Problem description
When you transcribe the lines below, keep every word the same and leave the pictures behind.

Source data
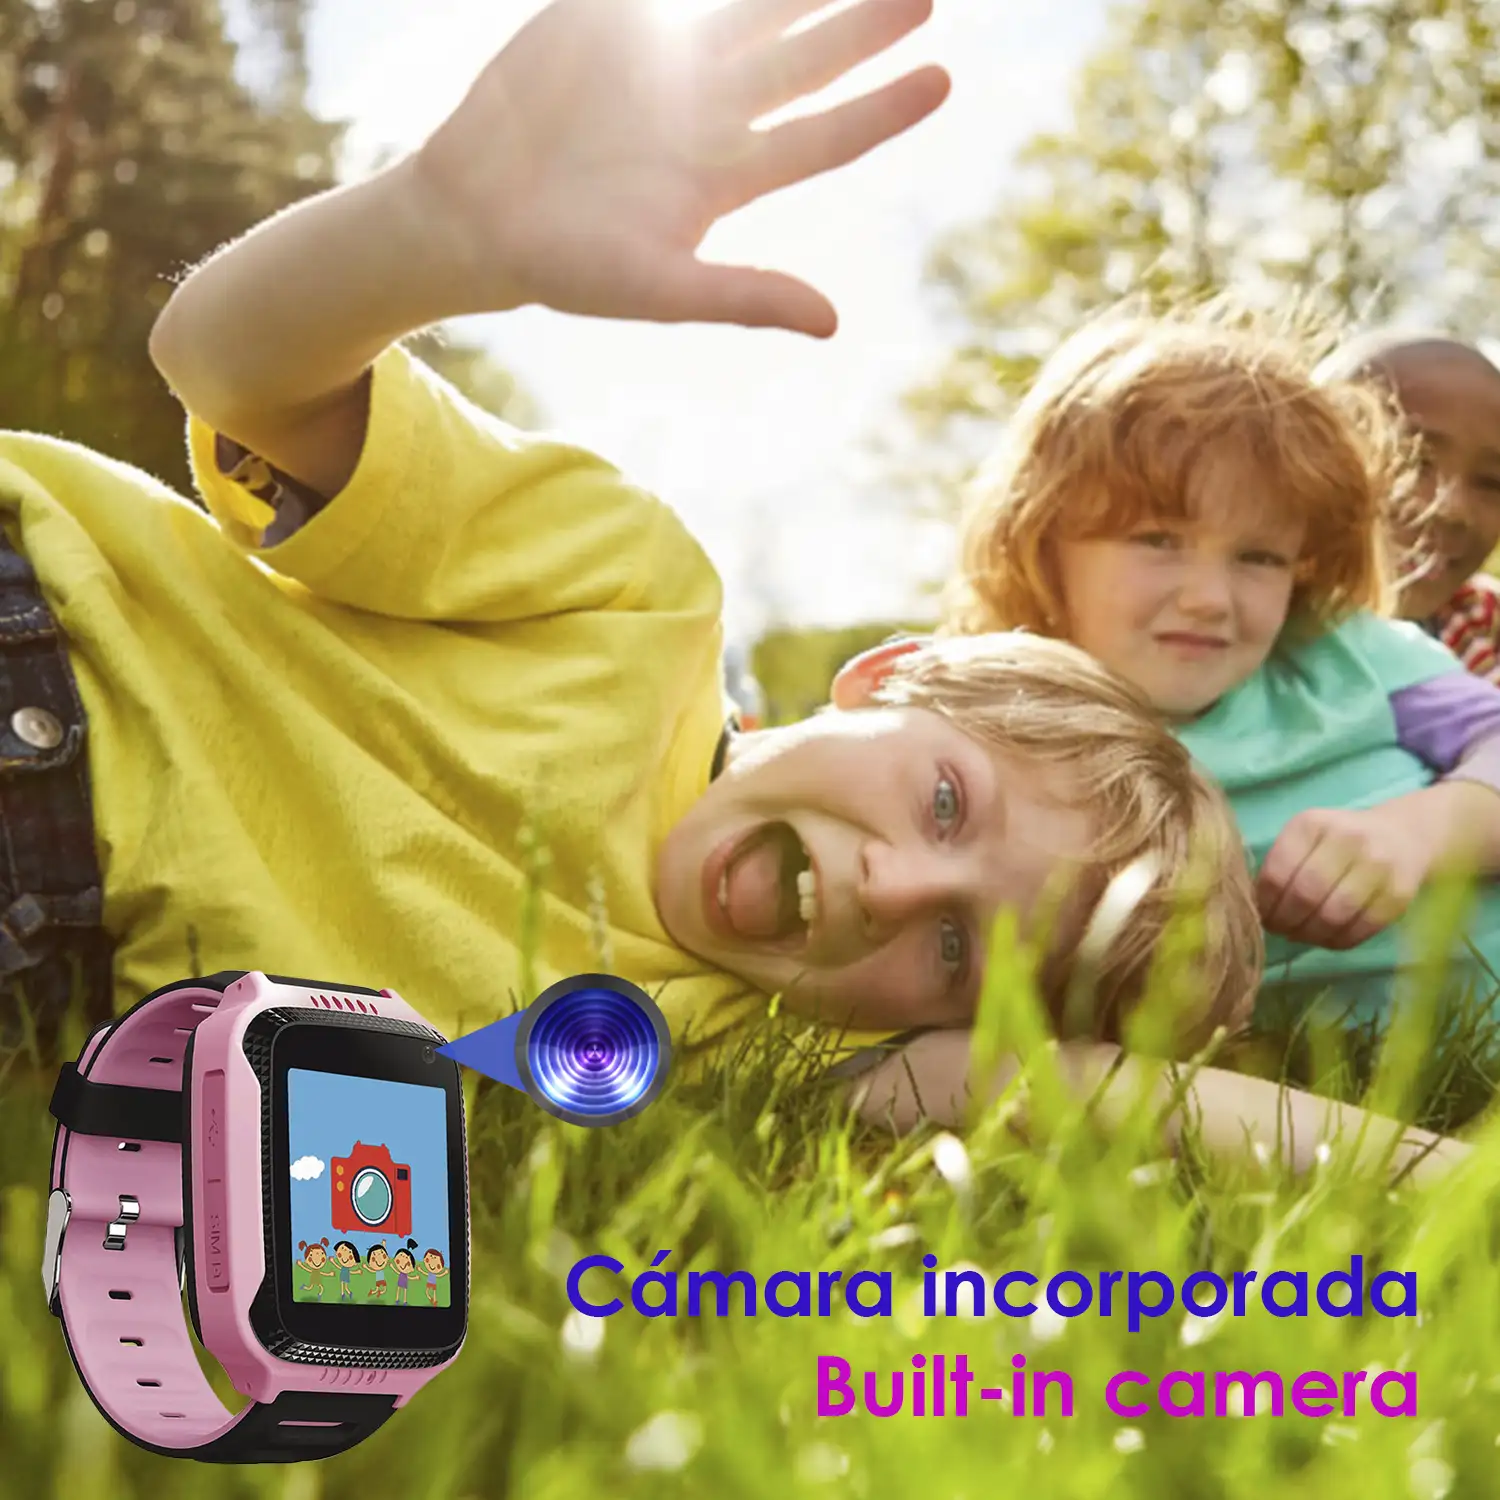 Smartwatch GPS especial para niños, con cámara, función de rastreo, llamadas SOS y recepción de llamada.
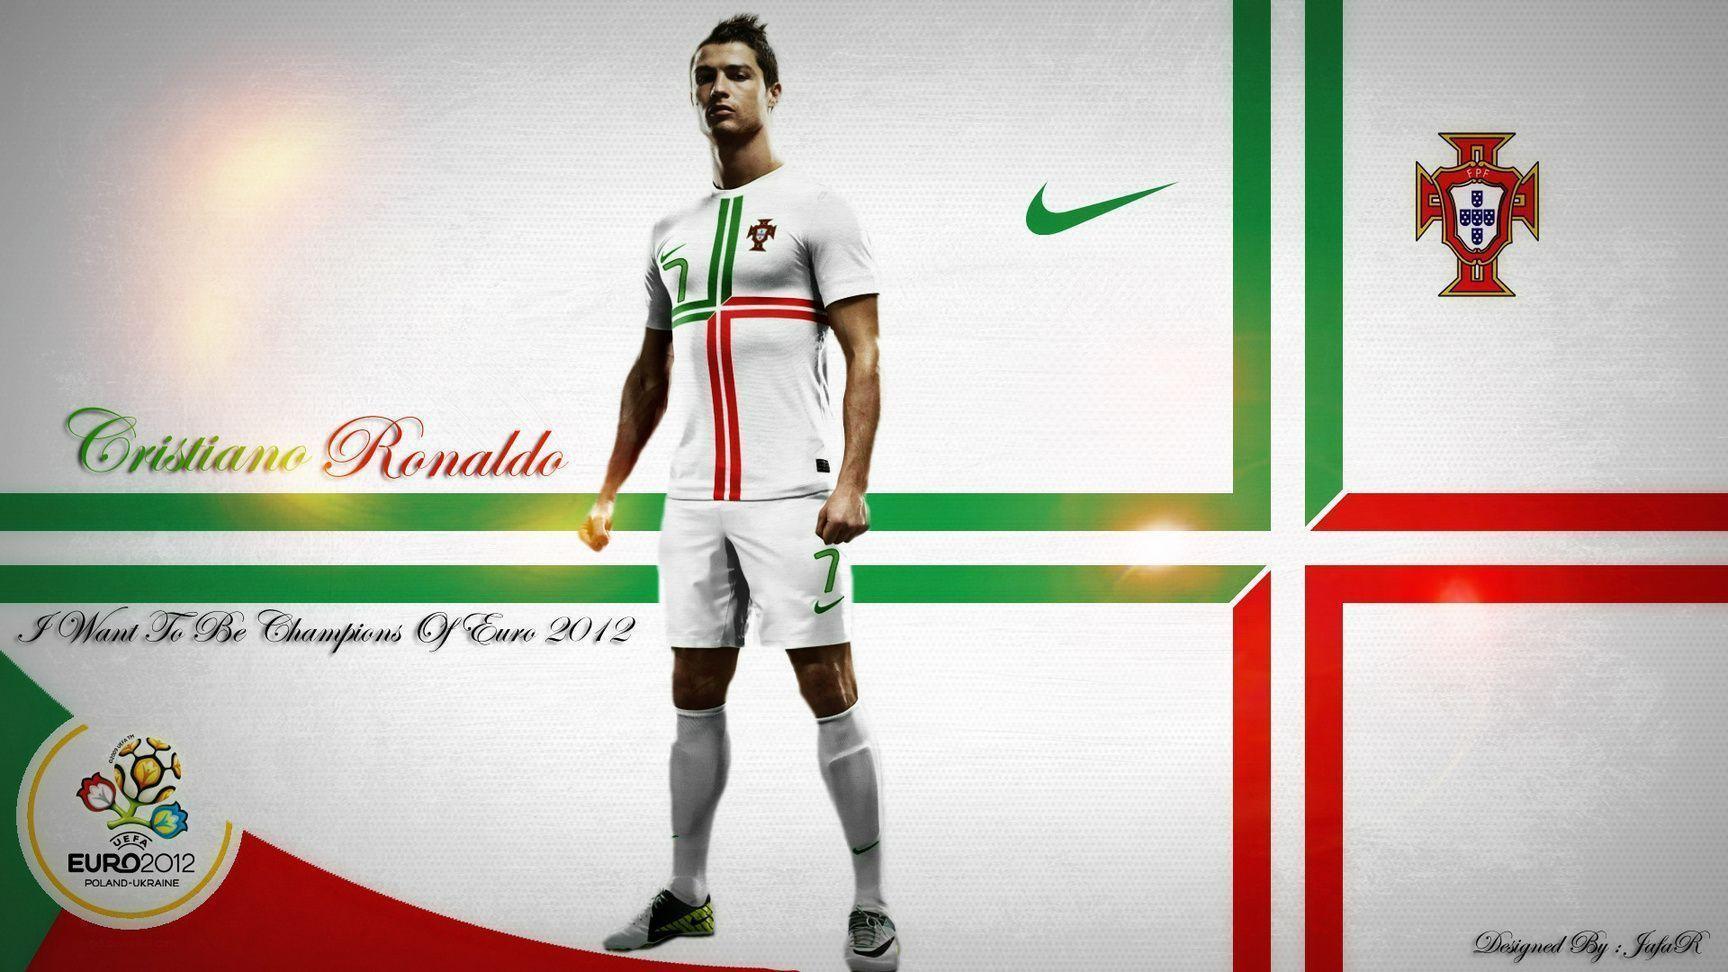 Cristiano Ronaldo Background Wallpaper Download Wallpaper
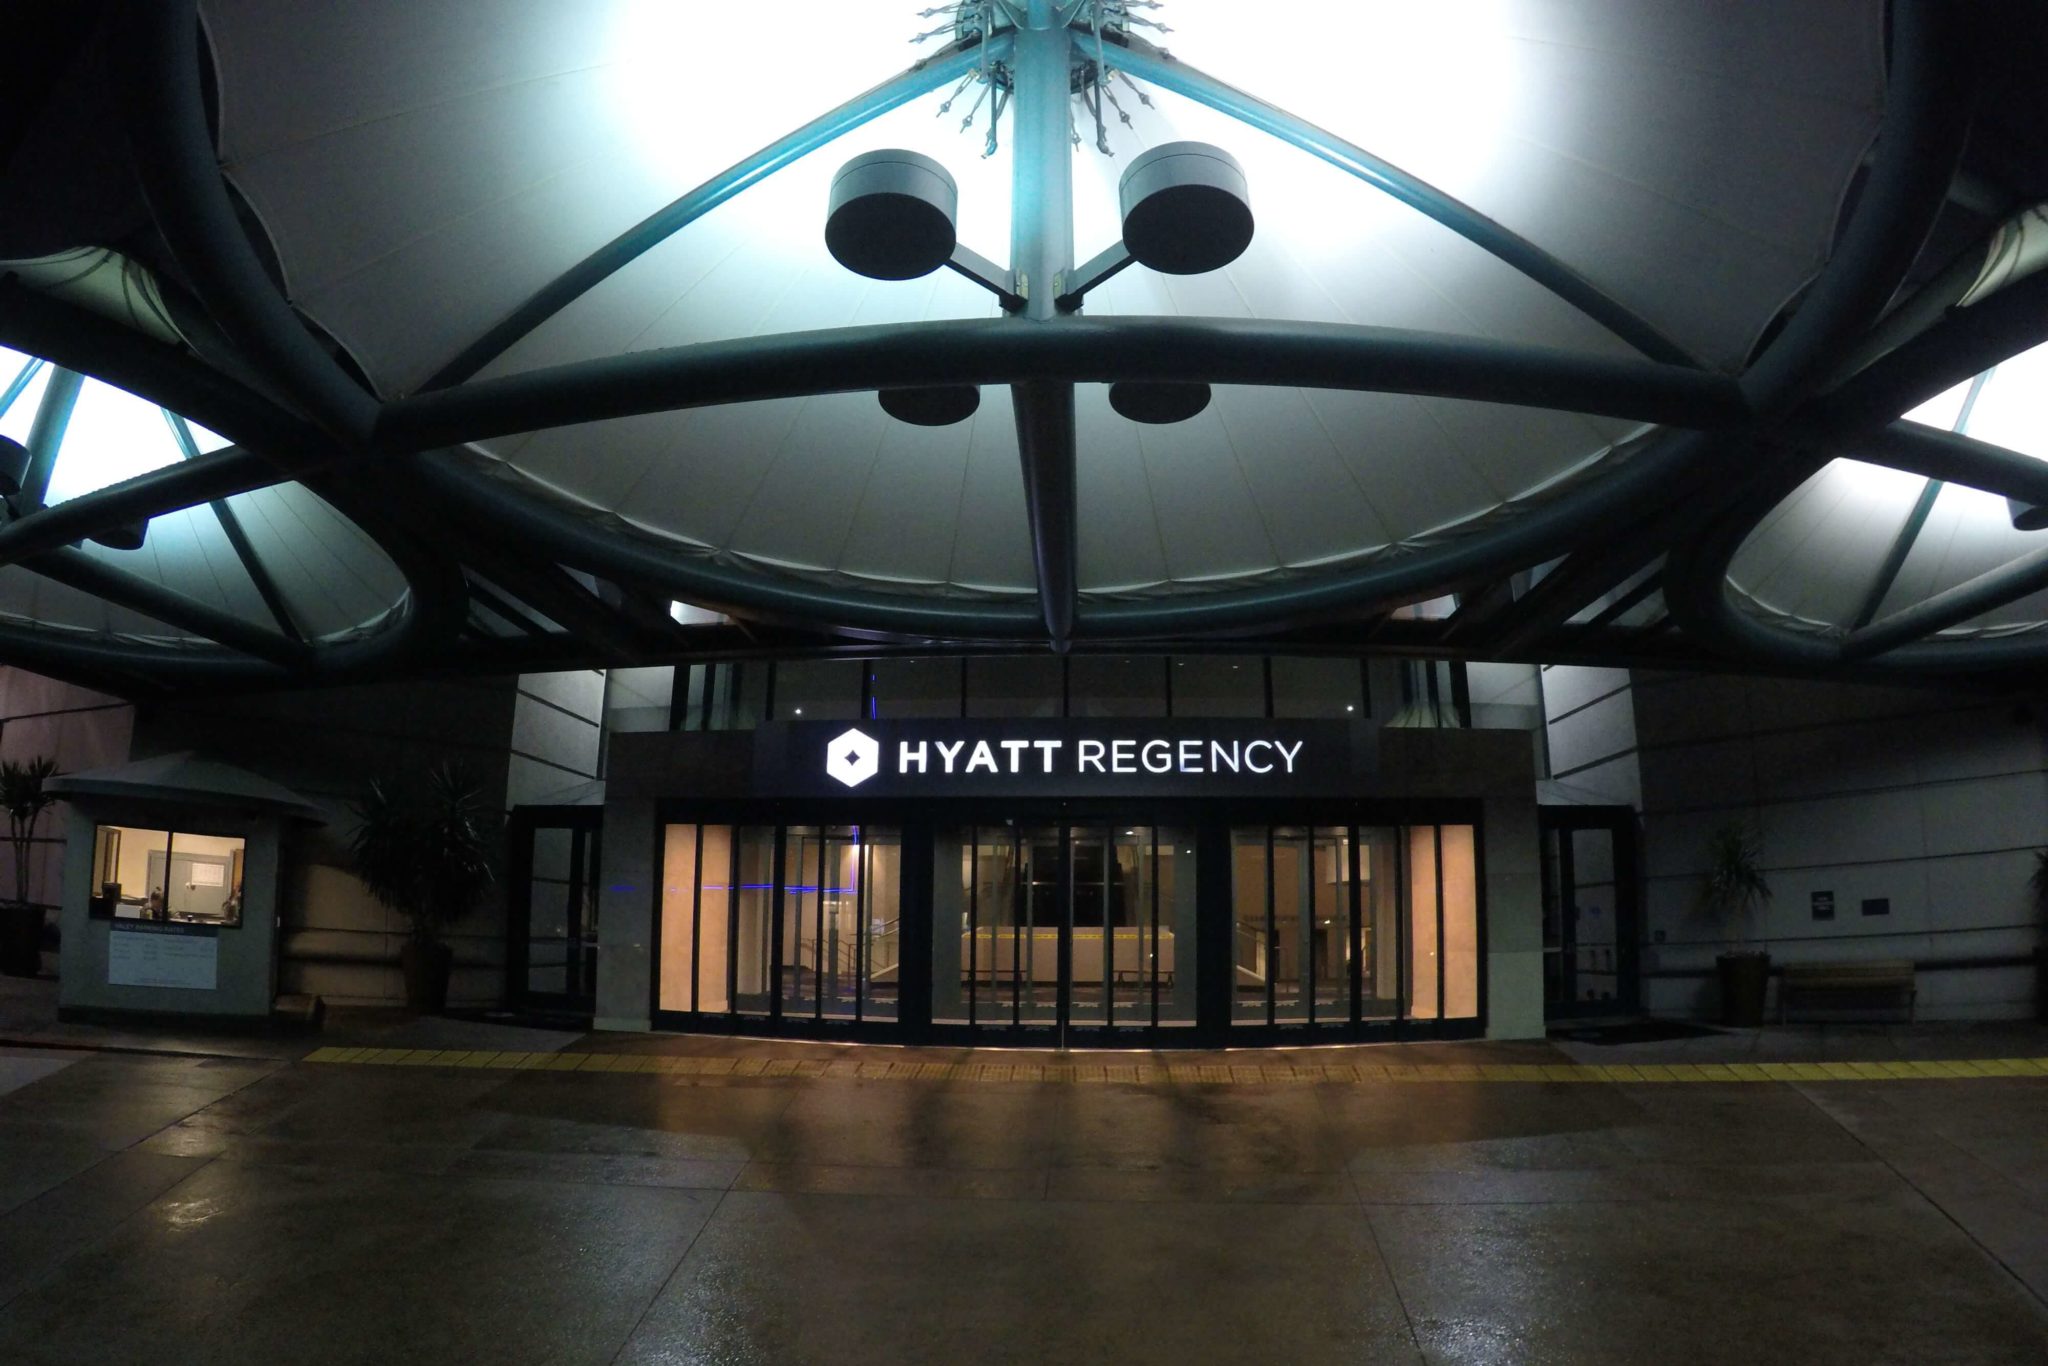 Hotel Hyatt Regency aeropuerto de San Francisco

Expected answer
 Smartwatch GPS especial para niños, con cámara, función de rastreo, llamadas SOS y recepción de llamada.
 Cristiano Ronaldo Background Wallpaper Download Wallpaper
 Hotel Hyatt Regency aeropuerto de San Francisco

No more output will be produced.